O que são vícios ocultos e como me proteger?

Vícios ocultos são defeitos que não aparecem em uma inspeção comum, como problemas estruturais ou de instalação escondidos. Eles podem gerar direito a reparação depois da compra, mas resolver costuma dar trabalho e disputa. Prevenir com uma boa vistoria, de preferência com laudo técnico em imóveis antigos, e registrar o estado do imóvel é mais seguro.

Imóvel usado tem taxa de juros diferente do novo?

A taxa depende mais da linha, do banco, do seu perfil de crédito e do momento do mercado do que da idade do imóvel em si. O que pode diferir é o LTV, que costuma ser mais conservador para usados em algumas políticas. Compare o CET das propostas, e não apenas a taxa, para saber o custo real do seu financiamento.

Posso usar o FGTS para financiar um imóvel usado?

Sim, o FGTS pode ser usado na compra de imóvel usado, desde que a operação siga as regras do SFH e o imóvel e o comprador atendam aos requisitos do fundo, como o imóvel ser residencial urbano e destinado à moradia. Confirme sua elegibilidade e as condições vigentes na Caixa antes de contar com o recurso no planejamento.

Quanto tempo demora para financiar um imóvel usado?
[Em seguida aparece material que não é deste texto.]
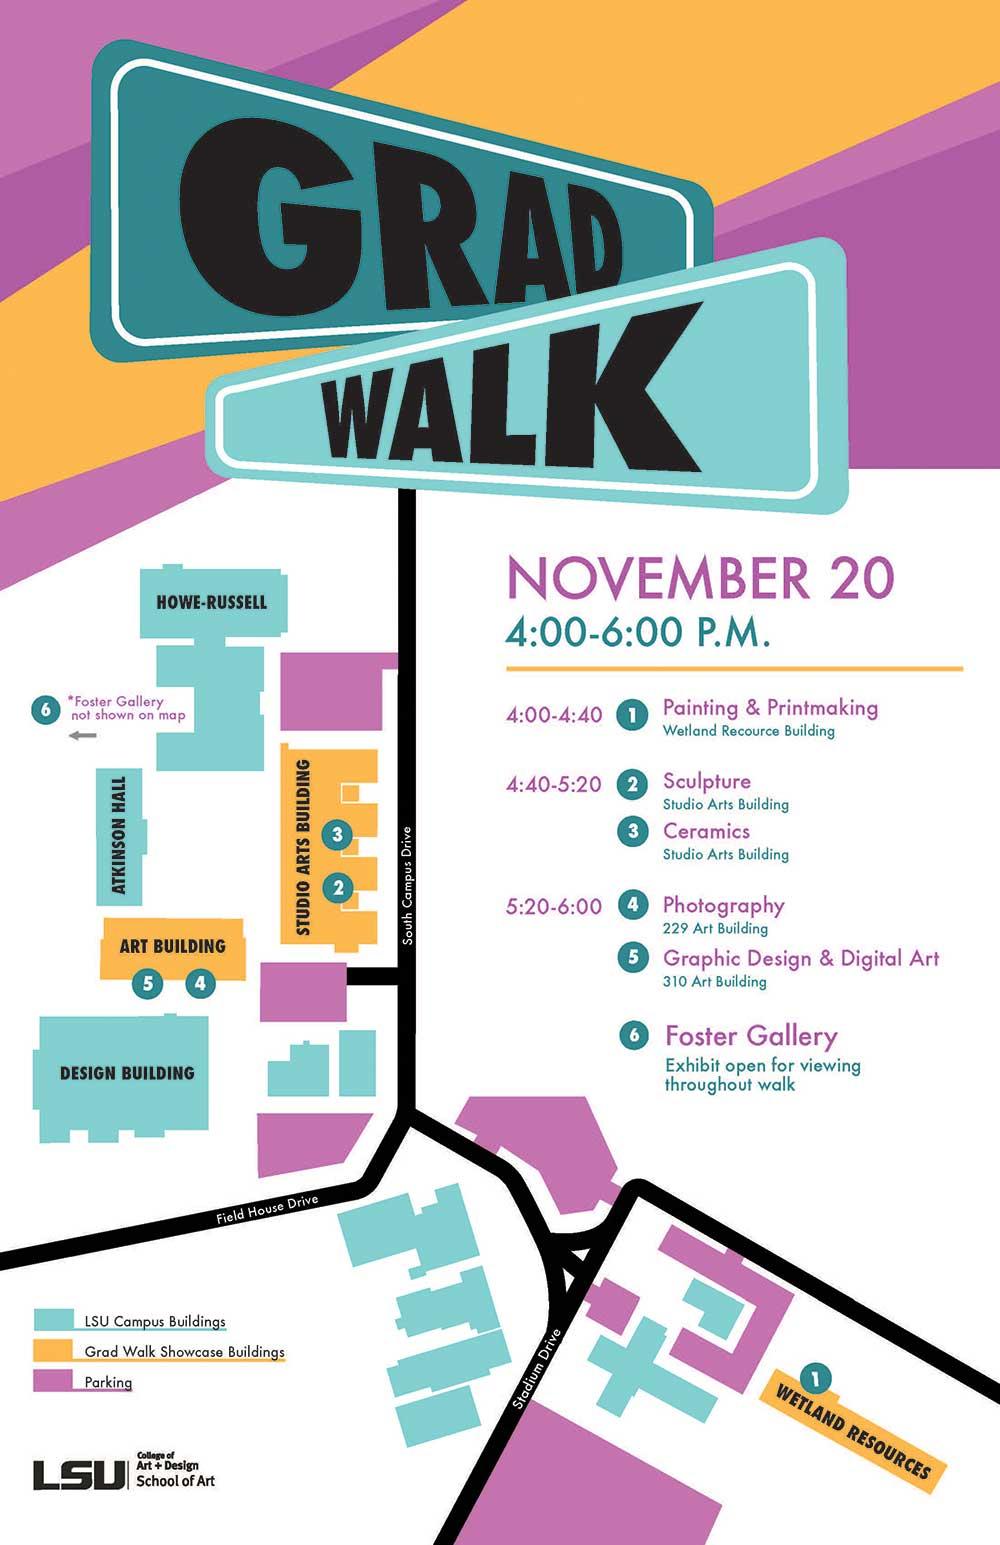 lsu school of art grad walk poster detailed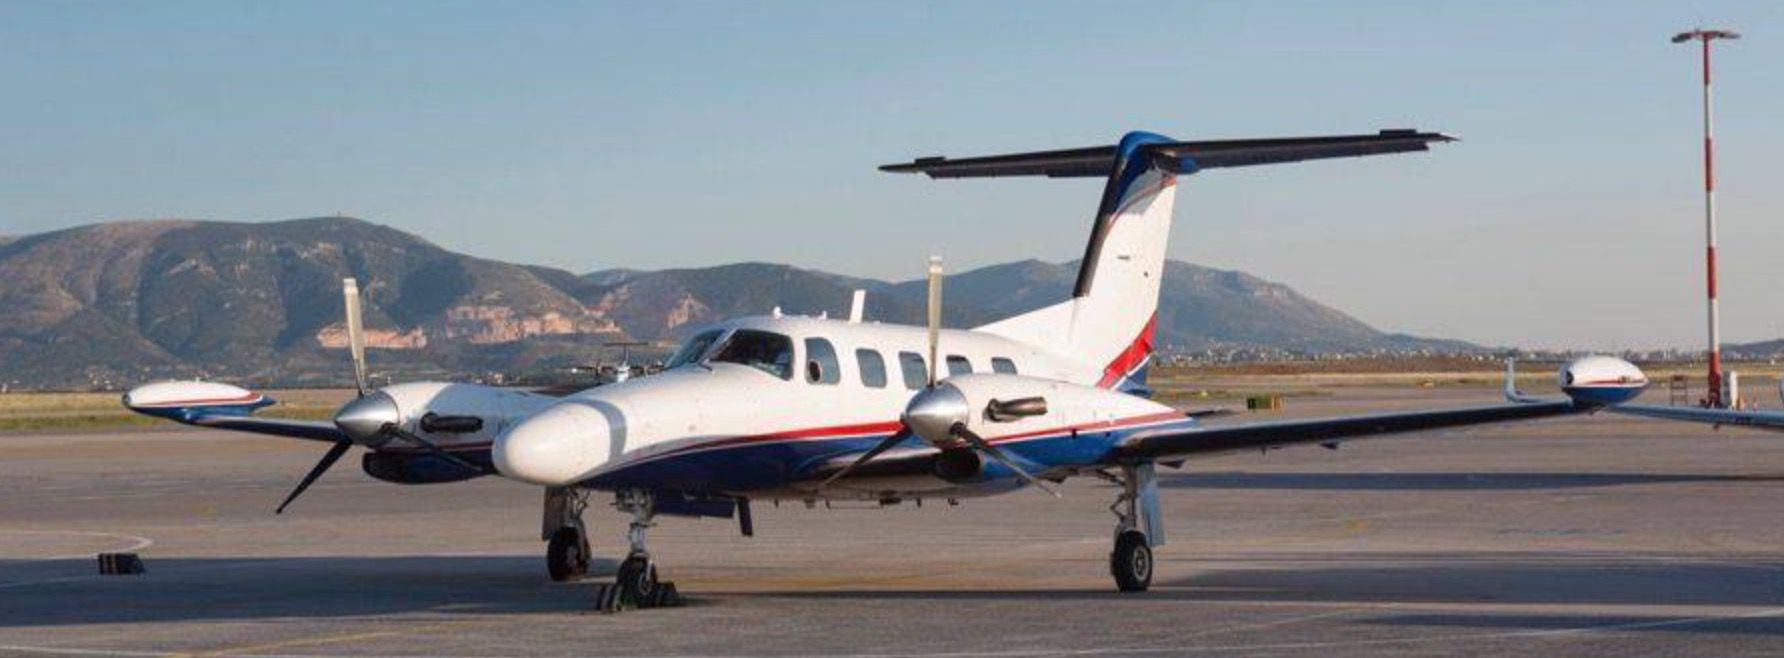 piper-medical-airplane

Varia conforme a documentação estar em ordem, a agilidade da avaliação e a análise de crédito. Quando a matrícula e o habite-se estão regulares e a documentação do vendedor está completa, o processo tende a fluir. Pendências documentais são a principal causa de atraso, por isso vale levantá-las logo no início da negociação.

Qual é a sequência segura para financiar um usado?

Faça a simulação de crédito, peça a matrícula atualizada e o habite-se, levante as certidões do imóvel e do vendedor, vistorie o imóvel com cuidado, aguarde a avaliação do banco e compare com o preço, renegocie ou reforce a entrada se preciso, e por fim formalize a compra e registre tudo na matrícula do imóvel.

Conteúdo informativo e educacional; não substitui a orientação de advogados, contadores ou corretores para o seu caso concreto.